Pioneer Coal Co. v. Cherrytree & Dixonville R. R.

272 Pa. 43 | Pa. | 1922

Opinion by

Mr. Chief Justice Moschzisker,

This is a proceeding in equity,' under section 1 of the Act of June 19, 1871, P. L. 1360, by the Pioneer Coal Company against the Cherrytree & Dixonville Railroad Company, to restrain the latter from building what it claims to be an extension of a branch road, and what plaintiff contends is a mere spur or siding facility for the private use and benefit of a competing coal company; the injunction was granted and defendant has appealed.

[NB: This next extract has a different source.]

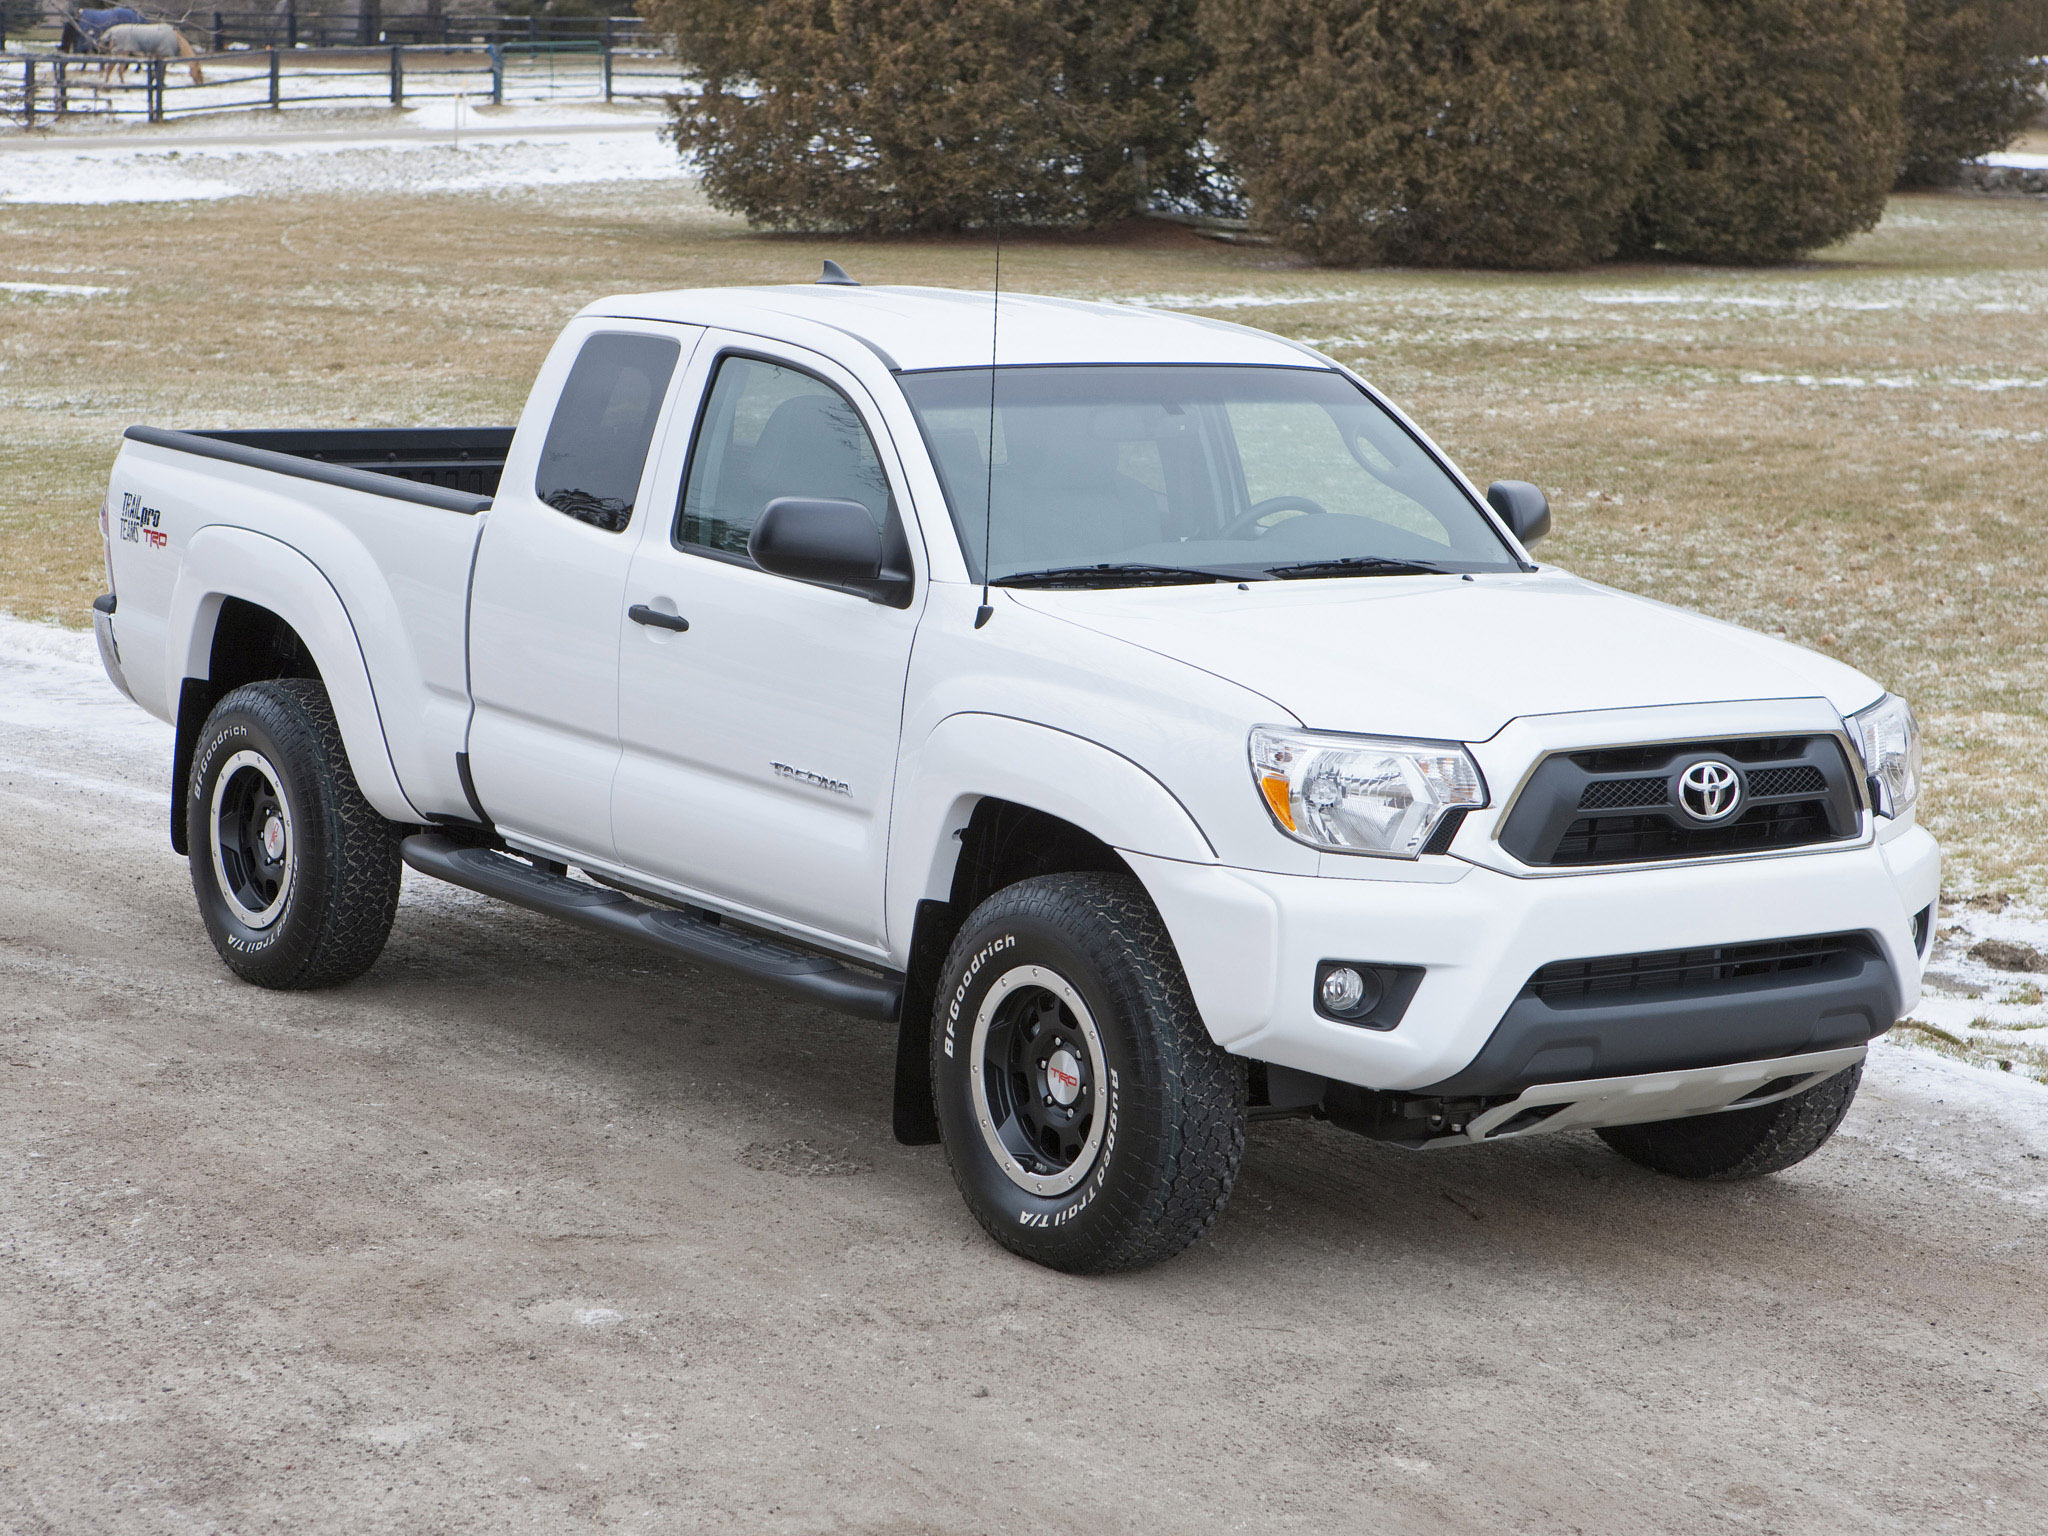 What is an access cab on a toyota tacoma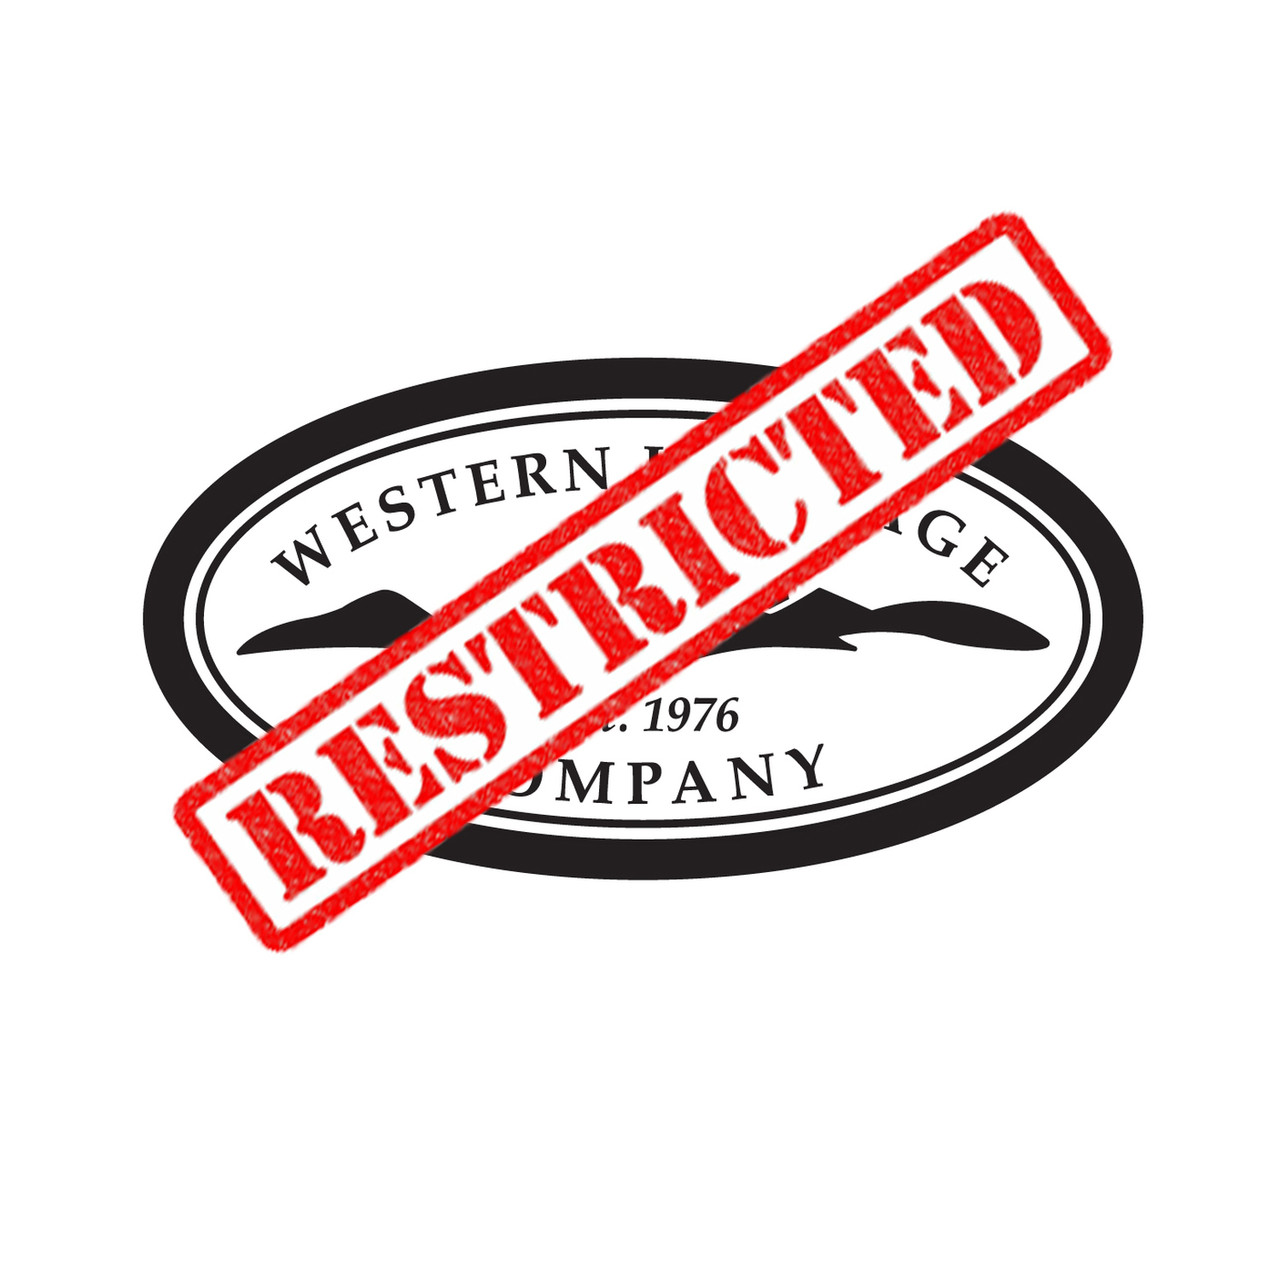 Whatcom Transportation Authority (RESTRICTED)

Plaintiff has some 1,800 acres of coal land in Indiana County, mined by another company, the latter owning the stock of the former; defendant operates a railroad in the vicinity, a spur or branch of which, leading from a portion of the railroad known as the “Buck Run Branch,” is employed as a siding by plaintiff in taking coal from its “Rodkey” mine; this section of road, hereinafter called “Rodkey Spur,” is approximately 2,200 feet long, was built in 1905, and since that time has been used solely for transporting coal from plaintiff’s mine, constituting the only railroad outlet for that purpose; the condemnation proceedings enjoined in this case were “brought in connection with a proposed extension of the Rodkey Spur eastwardly fifteen hundred feet to lands of the Indiana Moshannon Coal Company, in the course of which seven hundred and fifty lineal feet of surface, an acreage of 1.047, owned by the plaintiff......, are to be taken,” and “the proposed taking will appropriate also eighty feet of the eastern end of the Rodkey Spur itself”; this will interfere with the operation of plaintiff’s mine and thus materially injure that company.

*47In addition to the facts already stated, the court below found the following: Defendant’s road was built by other and larger railroad corporations, “as and for a public steam railroad, with all the rights of......eminent domain”; when the present condemnation proceedings were begun, on January 19, 1920, this railroad was under “federal control, operation and management,” and “the Director General of Railroads” was not made a party to the proceedings; such control terminated on March 1, 1920; plaintiff had “more than one hundred thousand tons of coal unmined at the Rodkey operation,” on August 28, 1920, and, “labor conditions permitting,” this might be produced at the rate of “about two hundred tons per day.” Defendant suggests that by now plaintiff’s coal must be approaching exhaustion; but, of course, as to this, we have no knowledge.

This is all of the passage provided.